Les pratiques culturelles ont pu se développer et se multiplier du fait de l’augmentation du
temps disponible pour les Français. La « récupération » du dimanche matin, temps de la messe, n’en
est qu’un aspect. Avec la réduction du temps de travail des travailleurs (de 40 heures à 35 heures par
semaine ; de 2 à 5 semaines de congés payés) comme des enfants (suppression du samedi après-midi
à l’école dans les années 60 puis du samedi matin), le temps libre est devenu une réalité (sanctionnée
en 1981 par la création d’un ministère qui lui était dédié) ; on estime qu’un Français passe aujourd’hui
8% de sa vie à travailler contre 25 % au début du XXè siècle. Cela se traduit par des départs en
vacances plus nombreux et plus fréquents (même si les dernières années ont montré un recul ou du
moins une évolution du phénomène), par des activités sportives plus développées (notamment avec la
progression de sports individuels comme le jogging, le cyclotourisme ou le tennis dans les années 7080)
Le sociologue Edgar Morin a pointé dans les années 60 l’émergence d’une nouvelle forme de
culture liée à l’âge à laquelle il a donné le nom de « culture jeune ». Conséquence du Baby Boom qui
rajeunit la population et de la naissance d’une société de consommation, cette culture se fonde sur la
différence de la jeunesse en matière vestimentaire, musicale ou technologique. Elle se traduit par
l’apparition de produits culturels spécifiques qui visent à se distinguer des autres groupes d’âge de la
société.

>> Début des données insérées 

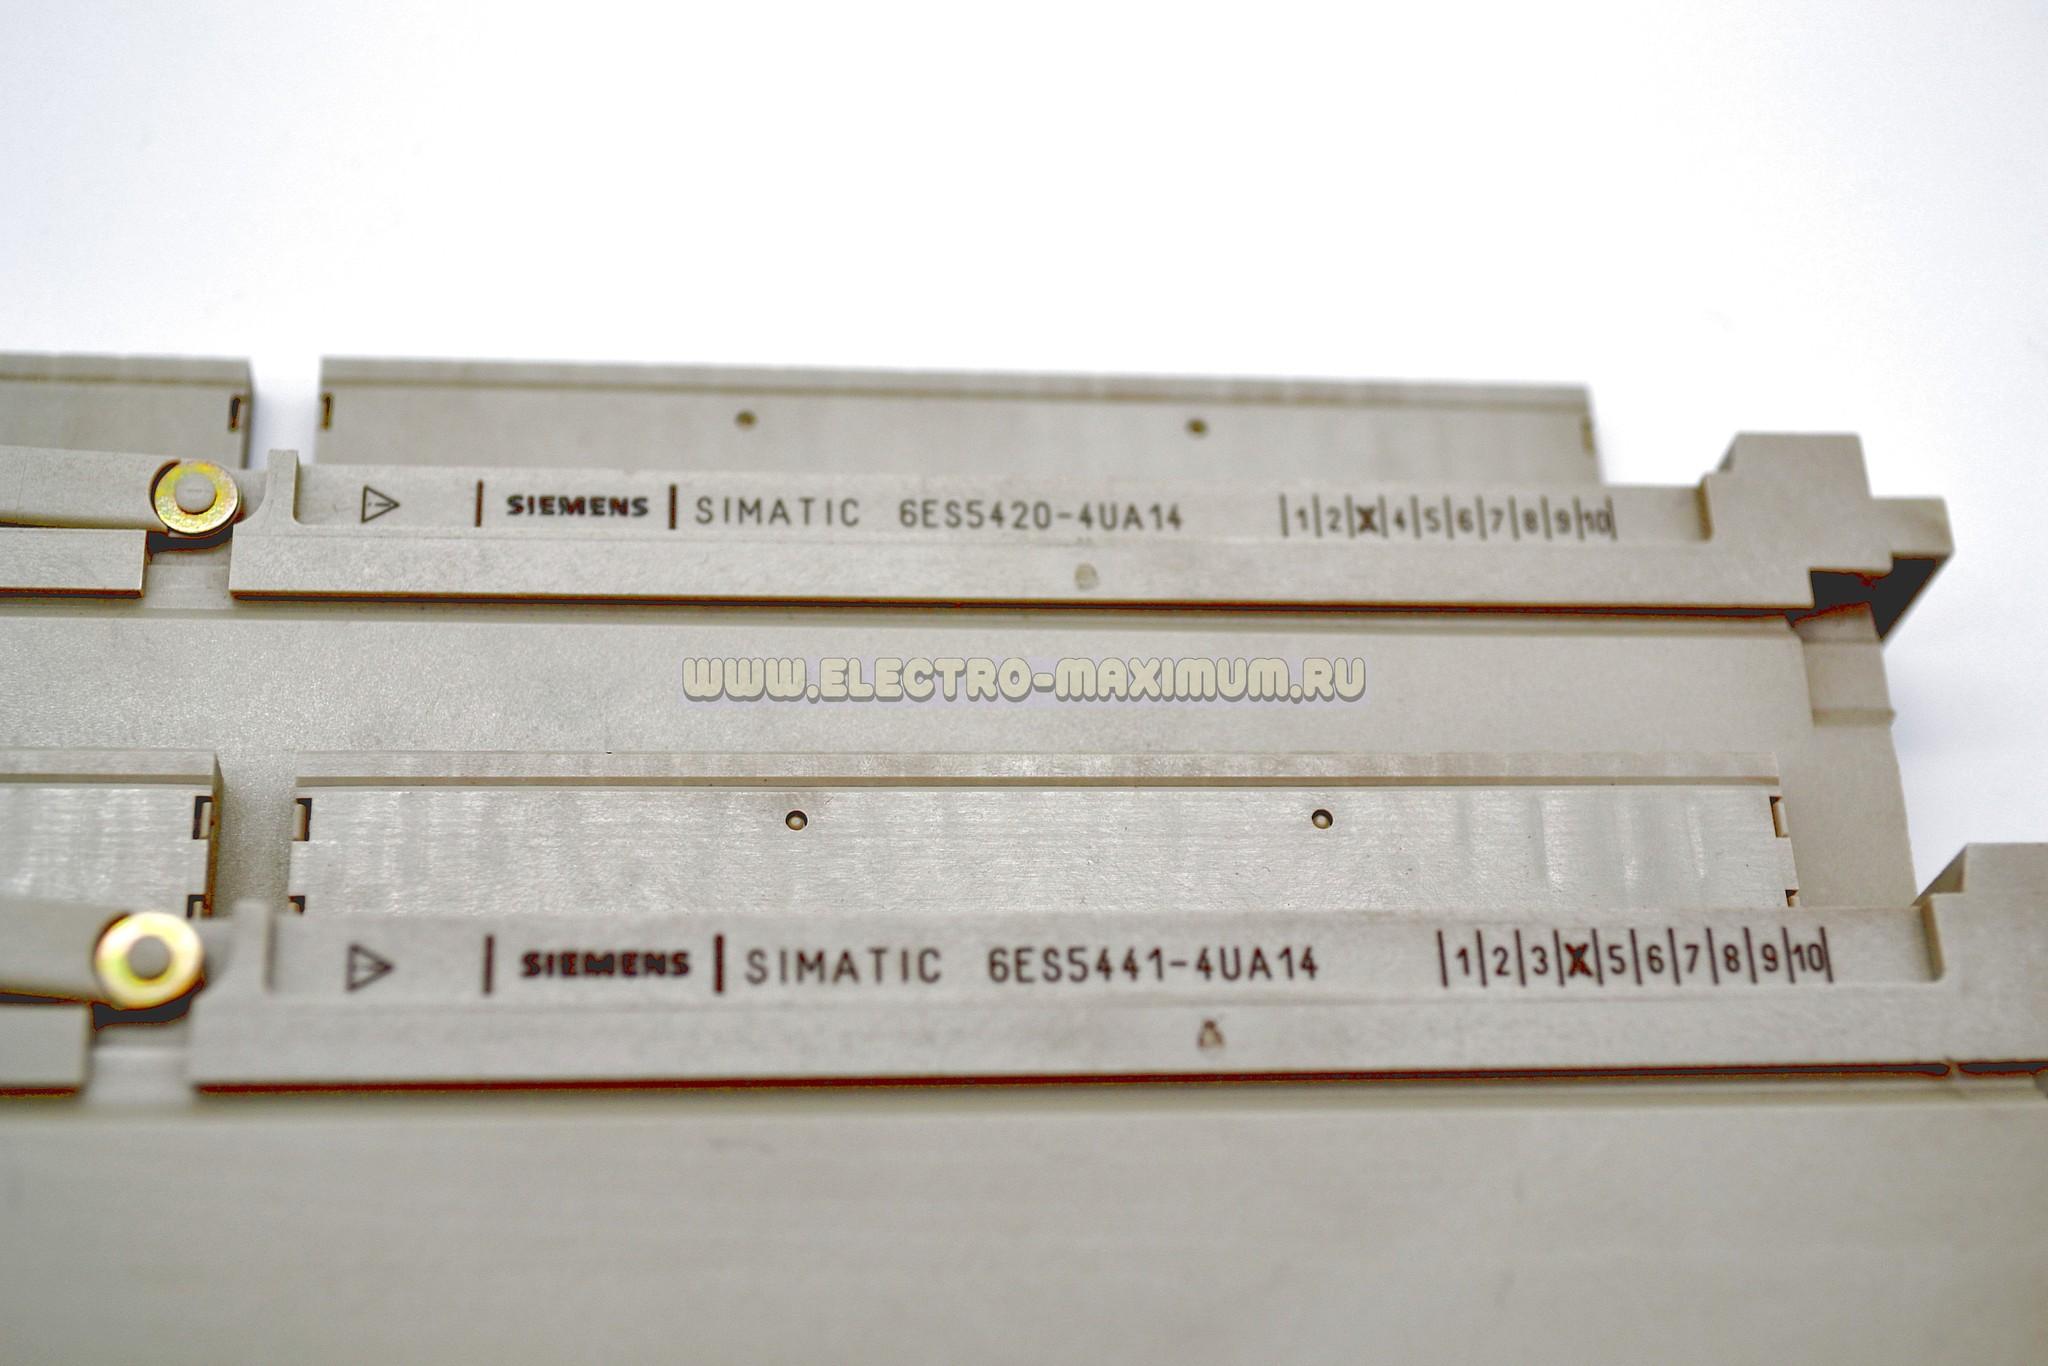 SIMATIC S5 441-4 DIGITAL OUTPUT MODULE, SIEMENS 6ES5441-4UA14

D’abord centrée sur la fin de l’adolescence et le jeune âge adulte, on peut constater depuis les
années 2000 une véritable expansion vers l’enfance (possession précoce d’un ordinateur ou d’un
portable, vêtements imitant les vêtements des ados).
Conclusion
La France de 2009 ne ressemble guère à celle de la fin des années 50. En un demi-siècle, les
évolutions au plan économique, social et culturel ont été remarquables par leur intensité. La France est
entrée dans une période où le confort domestique individuel ou l’accès à la culture et à l’information
apparaît comme une évidence à laquelle on refuse de renoncer. Toutefois, parallèlement à ces
évolutions qui font vivre mieux une grande partie des citoyens, les difficultés économiques n’ont cessé
de fragiliser, d’écarter, de marginaliser une partie croissante des Français. Les temps de crise qui
s’ouvrent semblent annoncer un nouvel accroissement de cet écart.